Monday, October 23, 2006

Allegations of patent infringement aren't disparaging (or advertising)

Conditioned Ocular Enhancement, Inc. v. Bonaventura, 2006 WL 2982140 (N.D. Ill.)

Plaintiff sued defendants for infringing a patent on a method of vision training. Defendant Davidson counterclaimed, alleging Lanham Act violations based on cease and desist letters plaintiff’s law firm sent to current and prospective customers. The court relied on the cases holding that false advertising Lanham Act claims, as well as coordinate Illinois state law claims, are governed by Rule 9(b)’s heightened pleading requirement. In the 7th Circuit, however, cease and desist letters sent to customers are not “commercial advertising or promotion,” ISI Int'l, Inc. v. Borden Ladner Gervais LLP, 316 F.3d 731, 733 (7th Cir.2003), and thus there’s no Lanham Act claim regardless of pleading details.

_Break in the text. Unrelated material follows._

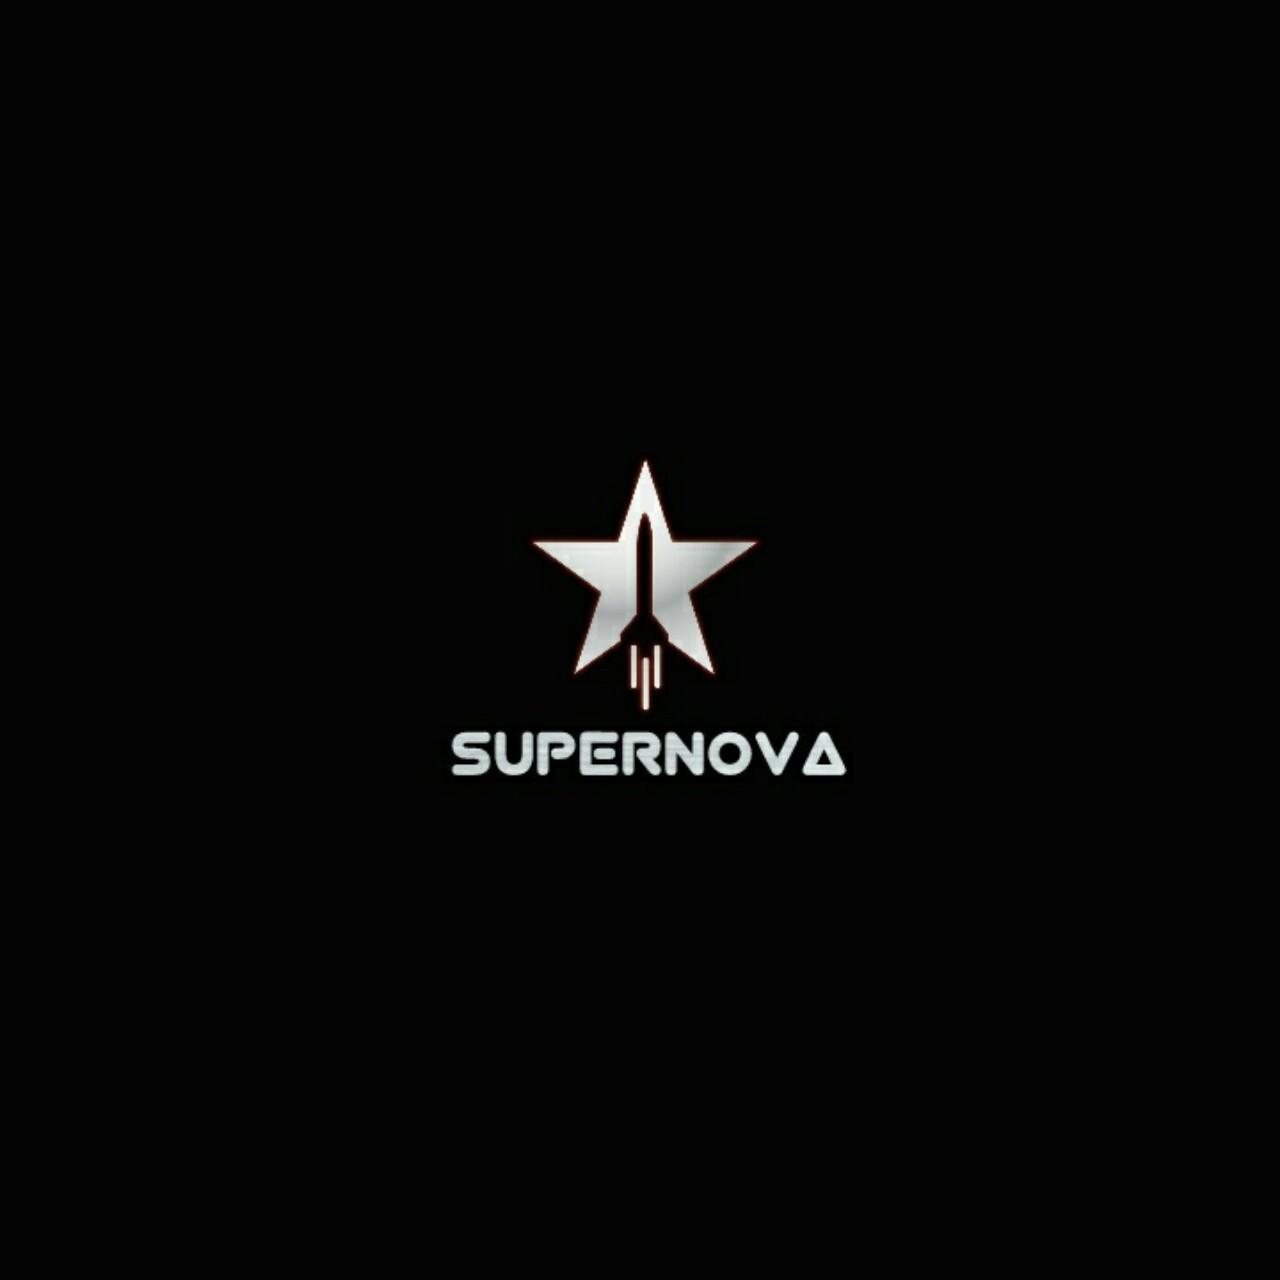 Logo Design by Gilang Satria - Entry No. 226 in the Logo Design Contest Creative Logo Design for Supernova.
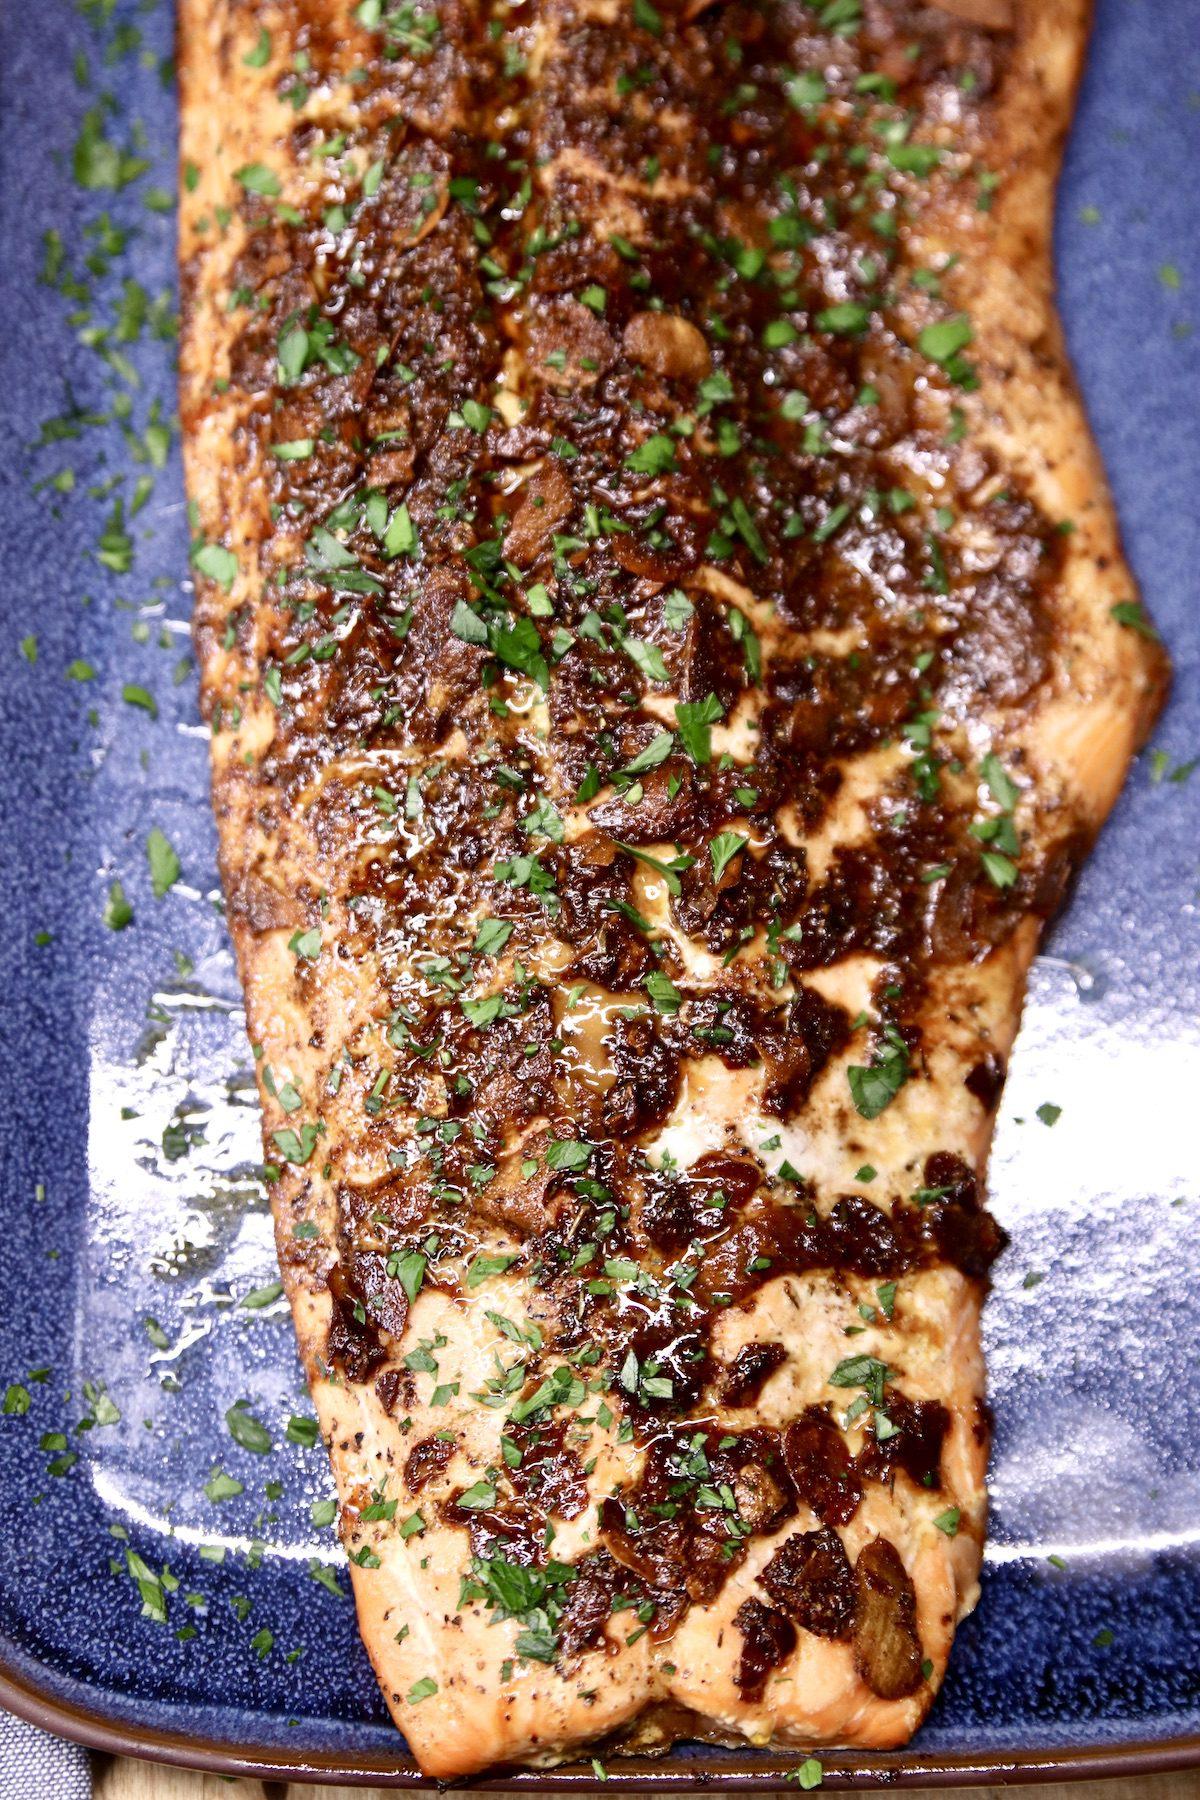 grilled garlic butter salmon fillet on a blue platter

State-law disparagement claims remained. The court reasoned that Illinois’s Uniform Deceptive Trade Practices Act codified the common-law tort of commercial disparagement. The letters said that Davidson was an unlicensed and unauthorized user of the patented system, and that a patent infringement suit is pending. But, the court ruled that this did not disparage the quality of Davidson’s business. Thus, again regardless of pleading, there’s no state-law claim.

Comment: this is an extremely, I think unsupportably, narrow view of what counts as “disparaging.” Given the concerns of the patent system, it might be a good idea to have higher fault requirements in such cases than in ordinary false advertising cases, but the potential harm such letters pose to a business cannot be denied.

Davidson also counterclaimed under the Illinois Consumer Fraud and Deceptive Business Practices Act, which requires (1) a deceptive act or practice and (2) an intent that the recipient rely on the deception (3) in the course of trade or commerce. Competitors may use this consumer protection law to redress competitive injury when they allege that the conduct involves trade practices directed to the market generally or otherwise implicates consumer protection concerns. Here, Davidson failed to plead the required consumer protection nexus. Sending out only seven letters, and only to Davidson’s customers, failed to implicate the required consumer protection concerns.

Davidson’s counterclaim for tortious interference with prospective economic advantage, however, survived the motion to dismiss.